- **SUPPLIED ENTRIES**
# # # # # # #

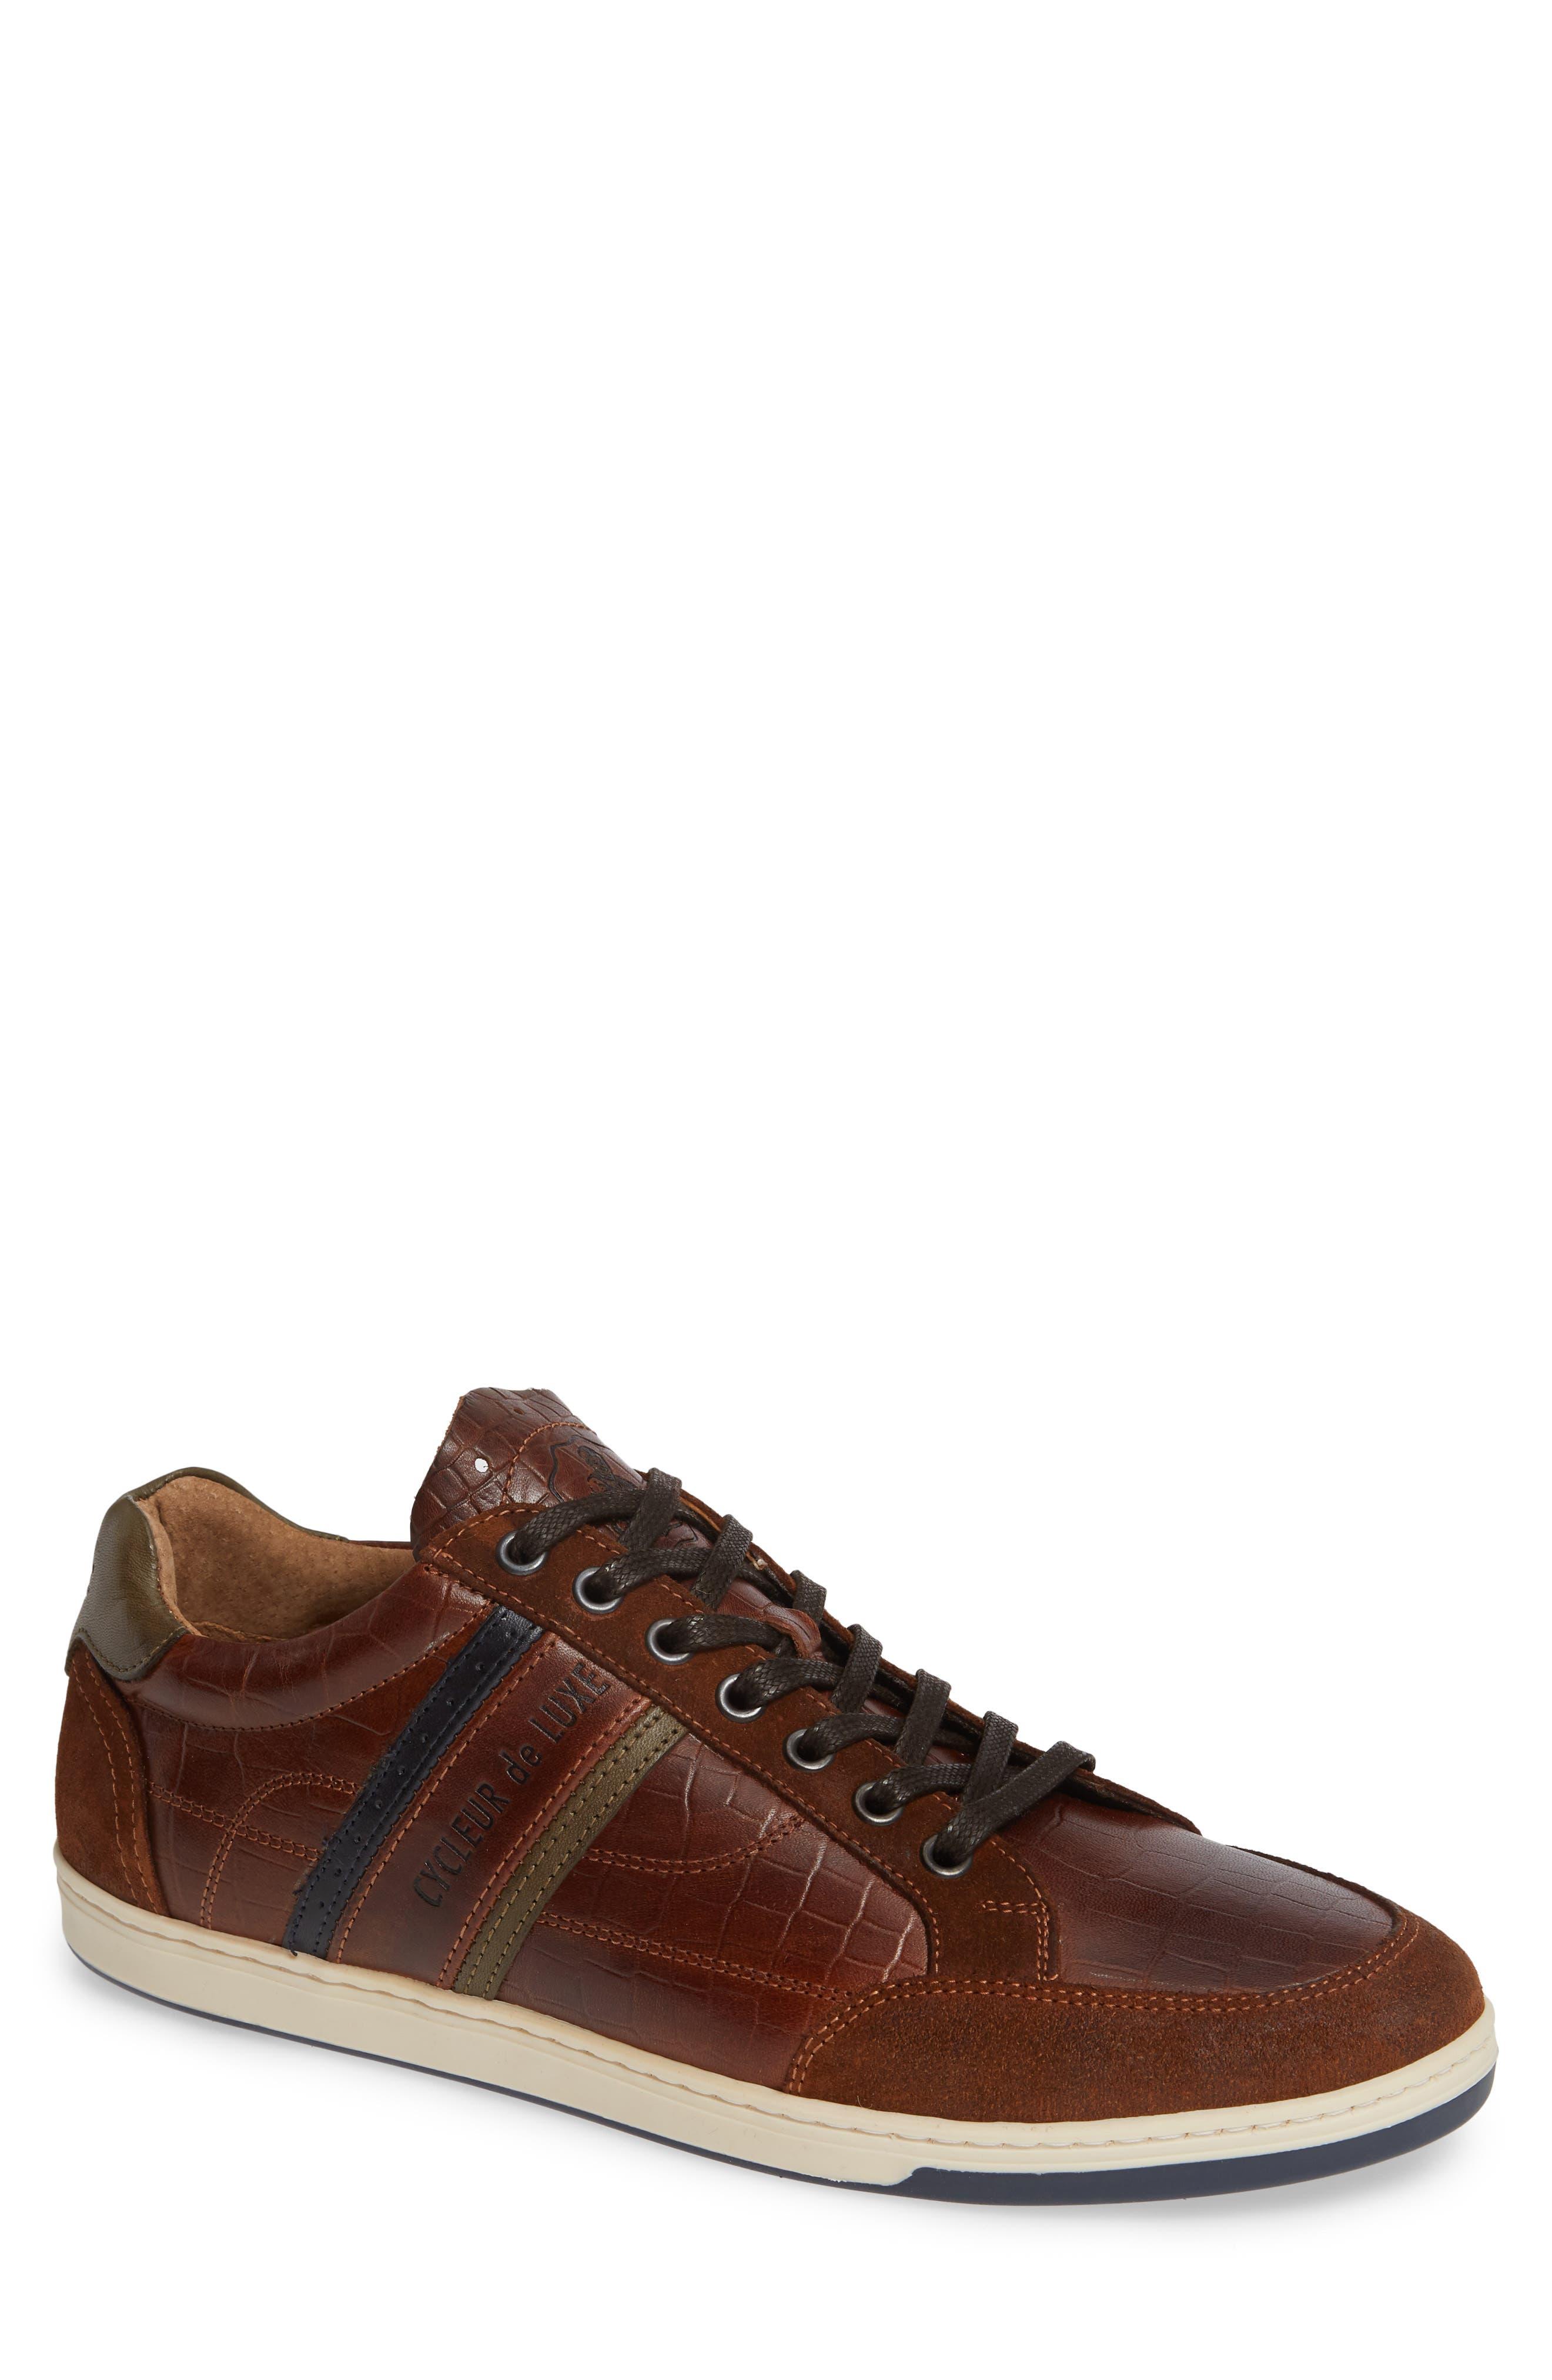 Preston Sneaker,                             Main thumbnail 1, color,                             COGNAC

# # # # # # #

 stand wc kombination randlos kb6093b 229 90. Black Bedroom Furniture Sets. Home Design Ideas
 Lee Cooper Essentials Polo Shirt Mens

# # # # # # #

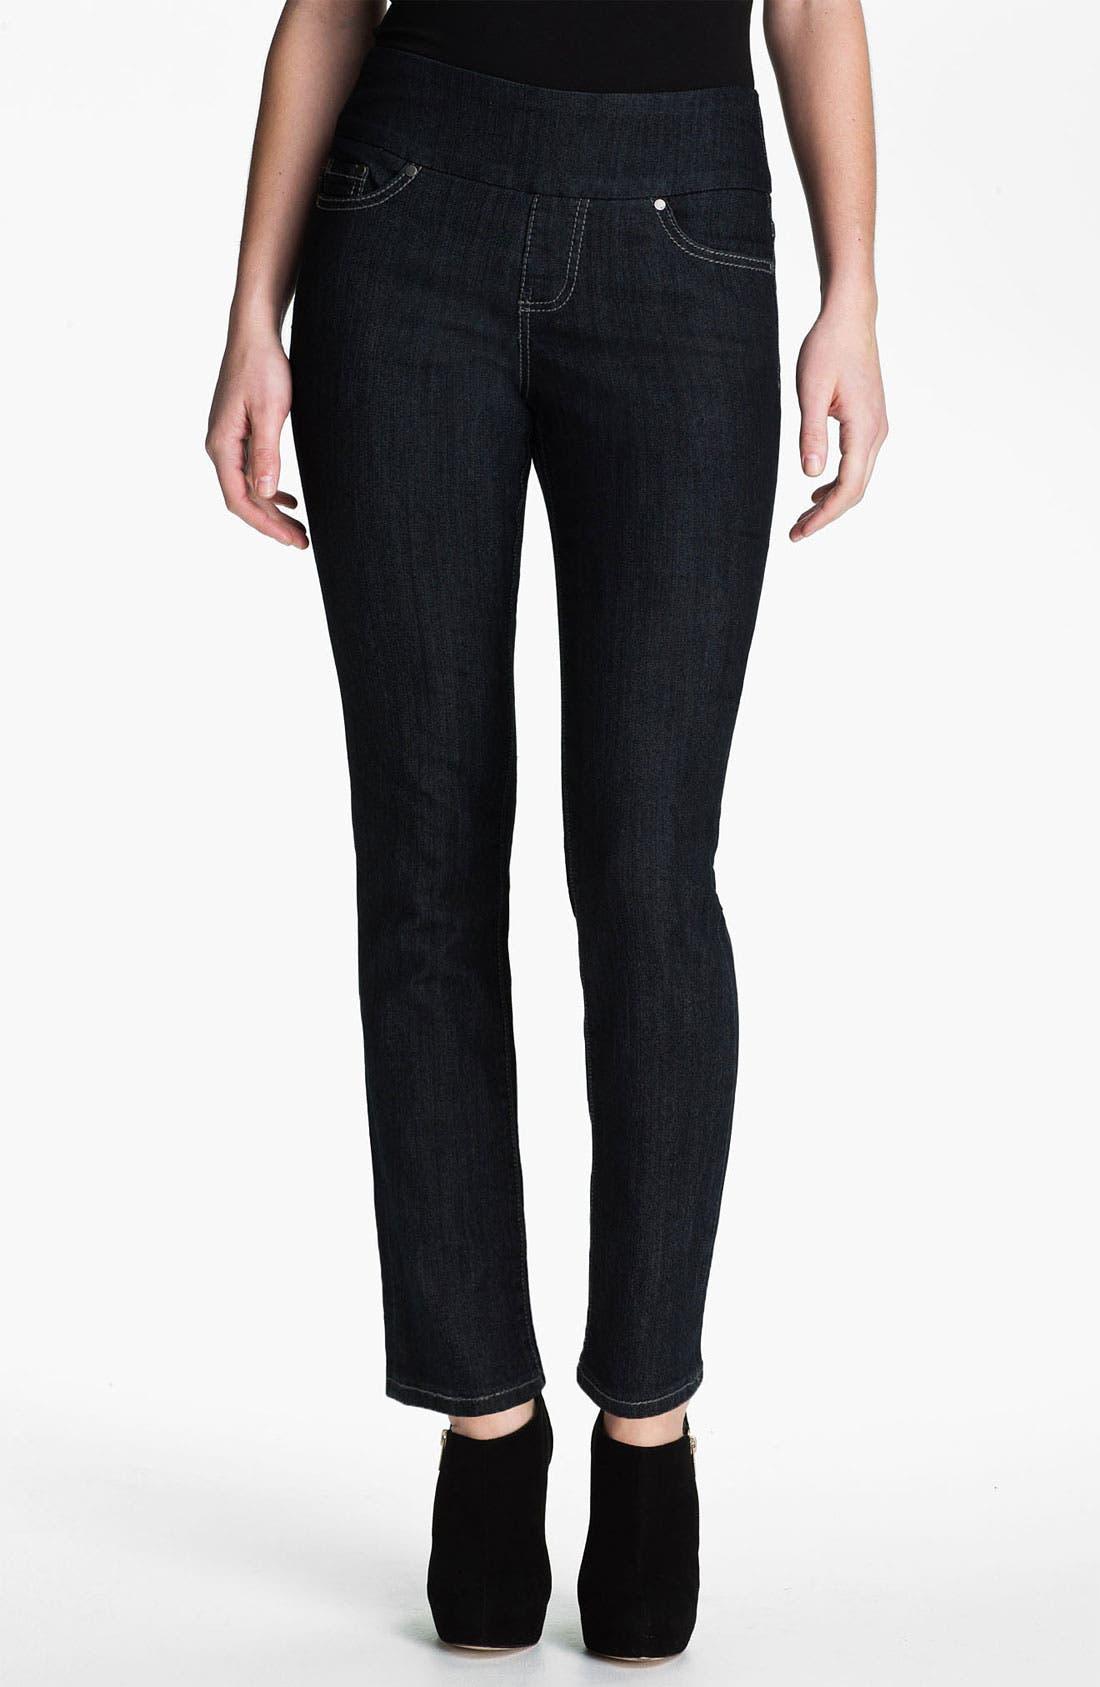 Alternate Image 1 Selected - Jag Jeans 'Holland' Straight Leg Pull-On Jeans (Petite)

# # # # # # #

- **TASK DESCRIPTION**
What is asked for is an exact copy of the lines above from the one containing "stand wc kombination" through the one containing "Lee Cooper Essentials Polo Shirt Mens", and only those.

- **SOLUTION FOR THIS PROBLEM**
 stand wc kombination randlos kb6093b 229 90. Black Bedroom Furniture Sets. Home Design Ideas
 Lee Cooper Essentials Polo Shirt Mens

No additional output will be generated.